At this point in the script you are able to enter a search query and view the results:
In the background, the script dispatches a search query to the Elasticsearch server:
POST /address/_search
{
"query": {
"multi_match": {
"fields": [
"display",
"display._2gram",
"display._3gram"
],
"query": "6 macquarie",
"type": "bool_prefix"
}
}
}
...and the server returns a list of results. For example:
{
"took": 27,
"timed_out": false,
"_shards": {
"total": 1,
"successful": 1,
"skipped": 0,
"failed": 0
},
"hits": {
"total": {
"value": 10000,
"relation": "gte"
},
"max_score": 7.0198717,
"hits": [
{
"_index": "address",
"_type": "_doc",
"_id": "GANSW706320144",
"_score": 7.0198717,
"_source": {
"id": "GANSW706320144",
"display": "6\/6 Macquarie Street, Wollongong NSW 2500",
"location": {
"lat": -34.4205949,
"lon": 150.88502529
},
"component": {
"buildingName": "",
"number": "6\/6",
"street": "Macquarie Street",
"locality": "Wollongong",
"state": "NSW",
"postcode": "2500"
}
}
},
{
"_index": "address",
"_type": "_doc",
"_id": "GANSW710276847",
"_score": 5.8887067,
"_source": {
"id": "GANSW710276847",
"display": "6 Macquarie Street, Sydney NSW 2000",
"location": {
"lat": -33.86738924,
"lon": 151.21305098
},
"component": {
"buildingName": "Parliament House",
"number": "6",
"street": "Macquarie Street",
"locality": "Sydney",
"state": "NSW",
"postcode": "2000"
}
}
}
...omitted for brevity...
]
}
}
Congratulations! You have just searched the G-NAF address dataset and returned a list of potential candidates for a matching address.
You can now choose to enter another search query, or type 'quit' to proceed to the Geo Search example.
Geo search
After you quit the address search demonstration the script advances to an example of a Geo Distance query, looking for addresses within 20 kilometres of Uluru.

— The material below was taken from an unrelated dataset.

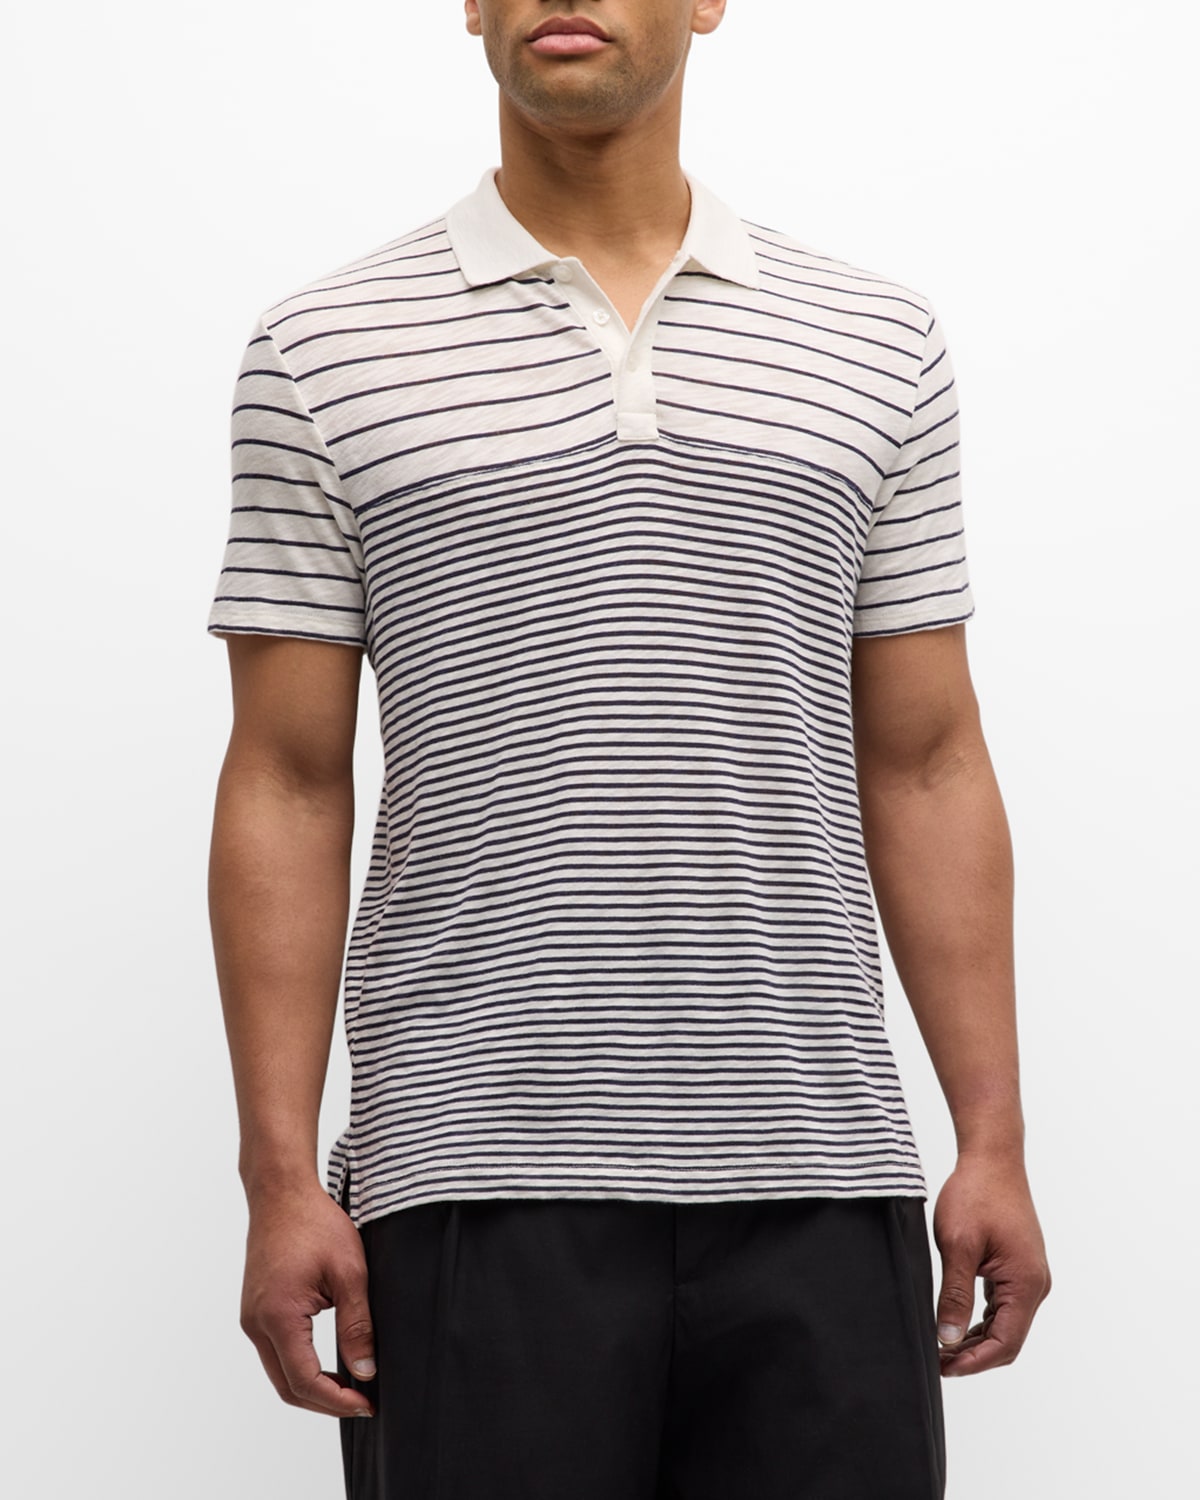 Men's Striped Slub Jersey Polo Shirt

let geoSearchDemo (elasticClient:ElasticClient) =
let query = new GeoDistanceQuery() 1.
query.Field <- Field.op_Implicit "location" 2.
query.Distance <- Distance.op_Implicit "20km" 3.
query.Location <- new GeoLocation(-25.3444, 131.0369) 4.
let request = new SearchRequest<Address>()
request.Query <- new QueryContainer(query)
let geoSearchResponse = elasticClient.Search<Address>(request) 5.
displayResults geoSearchResponse 6.
- Perform a Geo Distance query.
- Use the
location
property on the address. - Search all addresses within 20 kilometres of the query coordinates in 4.
- Set the query coordinates.
- Perform the search.
- Write the results to the console and show the time taken.
At this point, the console displays the addresses found.
In the background, the script has dispatched a search query to the Elasticsearch server:
POST /address/_search
{
"query": {
"geo_distance": {
"distance": "200m",
"location": {
"lat": -33.71,
"lon": 150.31
}
}
}
}
...and the server returns a list of results similar to the previous example.
In Closing
This example and blog post was put together during my Spacetime, a program run by Elastic.
Spacetime gives you, the engineer, the chance to break free from your day-to-day responsibilities and to explore something new and of interest. For me this was to experiment more with F# and the G-NAF datasets.
This freedom for engineers is baked into our source code.